Spotlight on: Josephine Egan, senior investigator at NIA
NIA’s Josephine Egan, M.D., shares her COVID-19-related research and lessons learned about working in the lab during the pandemic.
During her more than 20 years at the National Institute on Aging (NIA), Senior Investigator Josephine Egan, M.D., has researched potential ways to intervene to prevent or slow age-related disability, conditions, and diseases, including diabetes. When SARS-CoV-2, the virus that causes COVID-19, took root in 2020, Egan, who is also chief of the NIA Laboratory of Clinical Investigation, quickly realized her lab’s repository of taste bud cells could be a significant and valuable resource in combating the disease.
Making a difference, one project at a time
As part of their recent research on taste receptor cells and taste stem cell function and how they differ with age and age-related diseases, Egan’s scientific team had already gathered a repository of taste papillae cells from the tongues of more than 100 people, 20 to 80 years of age. Papillae are the small bumps that cover the surface of the tongue. The team had cultured and propagated those cells into taste organoids, which are small 3D cell structures that are created outside of a living body to mimic what is happening inside.
The team hypothesized that taste receptor cells were an ideal environment for asymptomatic infection of SARS-CoV-2. When people are unknowingly affected, it can be even more challenging to contain community spread of infection. Egan submitted a proposal focused on studying the interaction of SARS-CoV-2 and taste receptor cells to the Intramural Targeted Anti-COVID-19 (ITAC) funding program and ultimately was awarded support to move forward.
A key to this research is ACE2, which stands for angiotensin-converting enzyme 2. ACE2 is a protein that sits on the surface of some cells and is a known receptor for SARS-CoV-2, meaning the virus can attach to it, gain access to the cells, and make copies to spread the virus. Egan and her team have discovered that ACE2 is present on a subset of taste receptor cells. Therefore, it is possible for the virus’s spike protein to find a home within the taste buds in taste papillae. They also found that, in some cases, people who have recovered from COVID-19 have disrupted stem cell turnover in taste papillae, which could explain why some people have had ongoing taste changes even after the acute phase of COVID-19.
The goal now is to grow organoids of those stem cells to see if they contain ACE2, and then find out if the spike protein binds to them.
“If we can prove that is true, then we would have a model on which we could look for a whole host of things that might prevent or disrupt the ability of the spike protein to bind to ACE2 receptors in taste papillae,” Egan said. “That’s our goal and the one we will be working toward during the next year or two.”
Ultimately, this research could help discover methods to decrease the amount of the viral load in taste cells and lower the chance of transmission.
Progress even in challenging times
This science is taking place during a time when laboratory research looks much different than in the past. For example, before COVID-19, as many as 75 people might be working in the Baltimore-based NIA Clinical Research Center. Now, Egan and her team must schedule shifts to minimize the number of people at work so they can physically distance at six feet apart. They also must wear masks and disinfect work areas regularly.
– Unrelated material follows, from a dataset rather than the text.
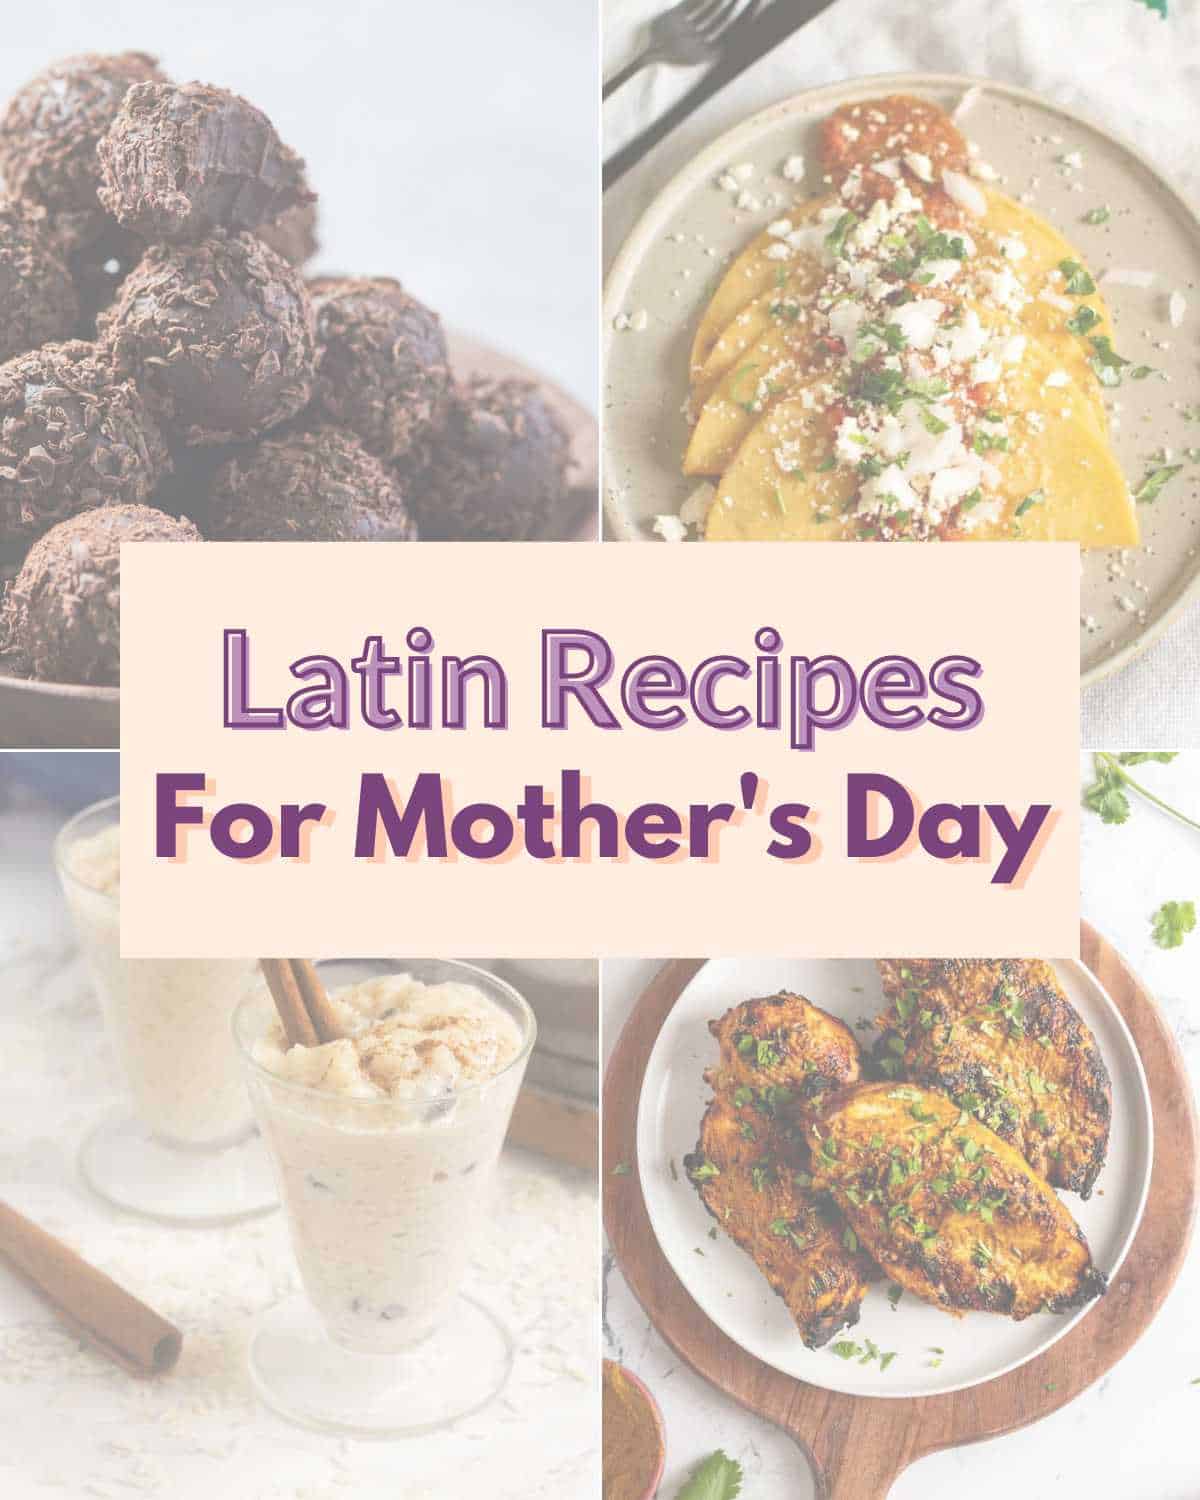 A collage of top right brigadeiros, top left entomatadas, bottom right arroz con leche, bottom left pollo asado and text overlay "Latin Recipes for Mother's Day".

These safety protocols make some tasks, such as shared viewing of samples underneath a microscope, more difficult than it used to be.
“You miss the closeness of saying ‘look at this,’” Egan said. “Is this what I think it is? Can you look?”
Now Egan and her team must carefully leave their sample slides near the microscope after viewing and walk away before the next investigator can enter the area, disinfect it, and reload the slide to look at it. Then the safety measures begin again.
“This makes it difficult to keep the project on track because tasks take longer to complete,” Egan said, adding that especially if they are working in teams, physical distancing makes it difficult to connect around what is completed and what remains to be done.
Regardless, Egan and her team have been able to gain some insights, such as showing that ACE2 is expressed in a subset of taste receptor cells. Most important, they are still on track to meet their long-term goals.
Still, looking back, Egan said she would not change much because her work is still moving forward despite COVID-19 challenges. However, she realizes that talking with more National Institutes of Health researchers beyond NIA, especially with those studying taste, would have helped increase her network of expertise. She finds networking more difficult to do virtually because, in her words, “I am a chatty, excitable type who has trouble connecting with people via Zoom.”
What if another pandemic was to occur? Egan has a few ideas of how things could run more smoothly. For example, she suggests adding a Clinical Laboratory Improvement Amendments (CLIA)-certified lab at the NIH Baltimore campus to enable on-site processing of diagnostic tests. She also suggests assembling a subcommittee of people who meet a few times a year and pre-emptively create scenarios of problems that could occur and ways to solve them.
Egan’s biggest lesson learned has been to question what she is doing and to not try to preserve a certain way of operating. COVID-19 has created a sense of urgency in everything she does, and she no longer hesitates on an idea or considers a different way of looking at things. Rather, if she thinks it will help her research, she will do it right then and there.
“No putting things off until the next day,” Egan said. “If it’s worth doing at all, you should do it now.”